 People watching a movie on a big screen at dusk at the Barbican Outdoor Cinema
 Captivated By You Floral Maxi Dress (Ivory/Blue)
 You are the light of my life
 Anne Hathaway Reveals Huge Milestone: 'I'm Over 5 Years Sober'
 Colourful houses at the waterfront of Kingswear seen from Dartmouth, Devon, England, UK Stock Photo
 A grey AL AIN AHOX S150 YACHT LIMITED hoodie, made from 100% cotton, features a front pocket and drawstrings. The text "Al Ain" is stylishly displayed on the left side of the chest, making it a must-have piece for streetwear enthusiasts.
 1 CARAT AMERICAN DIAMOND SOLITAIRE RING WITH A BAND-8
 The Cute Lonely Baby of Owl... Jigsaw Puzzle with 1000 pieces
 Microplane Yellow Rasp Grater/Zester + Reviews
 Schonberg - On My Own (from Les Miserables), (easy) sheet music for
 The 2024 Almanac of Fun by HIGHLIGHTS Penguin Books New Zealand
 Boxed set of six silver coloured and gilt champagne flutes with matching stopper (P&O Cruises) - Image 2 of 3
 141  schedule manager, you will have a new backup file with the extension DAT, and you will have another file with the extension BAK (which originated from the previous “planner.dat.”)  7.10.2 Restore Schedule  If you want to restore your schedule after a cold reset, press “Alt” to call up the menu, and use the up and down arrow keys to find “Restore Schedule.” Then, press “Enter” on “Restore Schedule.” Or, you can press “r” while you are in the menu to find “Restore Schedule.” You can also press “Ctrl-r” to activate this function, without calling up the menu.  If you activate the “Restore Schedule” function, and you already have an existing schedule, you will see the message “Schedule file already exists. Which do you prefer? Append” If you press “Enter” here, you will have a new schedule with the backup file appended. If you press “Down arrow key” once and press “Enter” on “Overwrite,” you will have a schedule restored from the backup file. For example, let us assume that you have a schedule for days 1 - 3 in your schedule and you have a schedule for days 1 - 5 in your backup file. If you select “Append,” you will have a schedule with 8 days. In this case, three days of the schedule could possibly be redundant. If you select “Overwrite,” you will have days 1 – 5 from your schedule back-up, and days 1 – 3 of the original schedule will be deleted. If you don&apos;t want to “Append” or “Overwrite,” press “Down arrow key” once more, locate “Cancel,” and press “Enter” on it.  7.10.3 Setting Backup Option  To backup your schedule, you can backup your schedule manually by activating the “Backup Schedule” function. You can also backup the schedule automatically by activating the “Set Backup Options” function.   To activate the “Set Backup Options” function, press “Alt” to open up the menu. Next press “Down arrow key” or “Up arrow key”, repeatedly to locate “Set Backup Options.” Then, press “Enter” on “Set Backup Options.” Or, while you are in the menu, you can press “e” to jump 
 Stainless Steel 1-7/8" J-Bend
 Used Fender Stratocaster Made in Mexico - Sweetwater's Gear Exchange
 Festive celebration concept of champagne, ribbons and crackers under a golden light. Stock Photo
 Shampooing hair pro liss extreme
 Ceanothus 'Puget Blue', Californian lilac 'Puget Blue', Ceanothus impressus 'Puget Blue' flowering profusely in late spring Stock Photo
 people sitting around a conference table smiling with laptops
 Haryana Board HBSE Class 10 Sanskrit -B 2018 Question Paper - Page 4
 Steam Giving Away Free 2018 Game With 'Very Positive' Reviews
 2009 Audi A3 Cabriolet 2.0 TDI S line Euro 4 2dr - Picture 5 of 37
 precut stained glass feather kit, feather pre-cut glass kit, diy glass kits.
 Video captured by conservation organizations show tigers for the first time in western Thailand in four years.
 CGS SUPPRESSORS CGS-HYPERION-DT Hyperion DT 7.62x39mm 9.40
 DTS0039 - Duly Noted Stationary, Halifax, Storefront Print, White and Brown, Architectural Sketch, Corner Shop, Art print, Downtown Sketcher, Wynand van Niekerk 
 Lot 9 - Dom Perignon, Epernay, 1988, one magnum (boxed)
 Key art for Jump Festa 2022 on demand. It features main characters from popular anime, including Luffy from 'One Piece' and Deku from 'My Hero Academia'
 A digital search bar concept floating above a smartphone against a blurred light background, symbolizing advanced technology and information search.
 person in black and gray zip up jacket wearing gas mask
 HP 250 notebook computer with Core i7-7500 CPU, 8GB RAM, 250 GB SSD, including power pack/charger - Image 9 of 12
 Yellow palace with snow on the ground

○ ○ ○ ○ ○

-- Task to carry out --
Can you repeat, word for word, every line above from the one containing "Haryana Board HBSE" down to the one containing "Lot 9 - Dom", including both?

-- Exercise solution --
 Haryana Board HBSE Class 10 Sanskrit -B 2018 Question Paper - Page 4
 Steam Giving Away Free 2018 Game With 'Very Positive' Reviews
 2009 Audi A3 Cabriolet 2.0 TDI S line Euro 4 2dr - Picture 5 of 37
 precut stained glass feather kit, feather pre-cut glass kit, diy glass kits.
 Video captured by conservation organizations show tigers for the first time in western Thailand in four years.
 CGS SUPPRESSORS CGS-HYPERION-DT Hyperion DT 7.62x39mm 9.40
 DTS0039 - Duly Noted Stationary, Halifax, Storefront Print, White and Brown, Architectural Sketch, Corner Shop, Art print, Downtown Sketcher, Wynand van Niekerk 
 Lot 9 - Dom Perignon, Epernay, 1988, one magnum (boxed)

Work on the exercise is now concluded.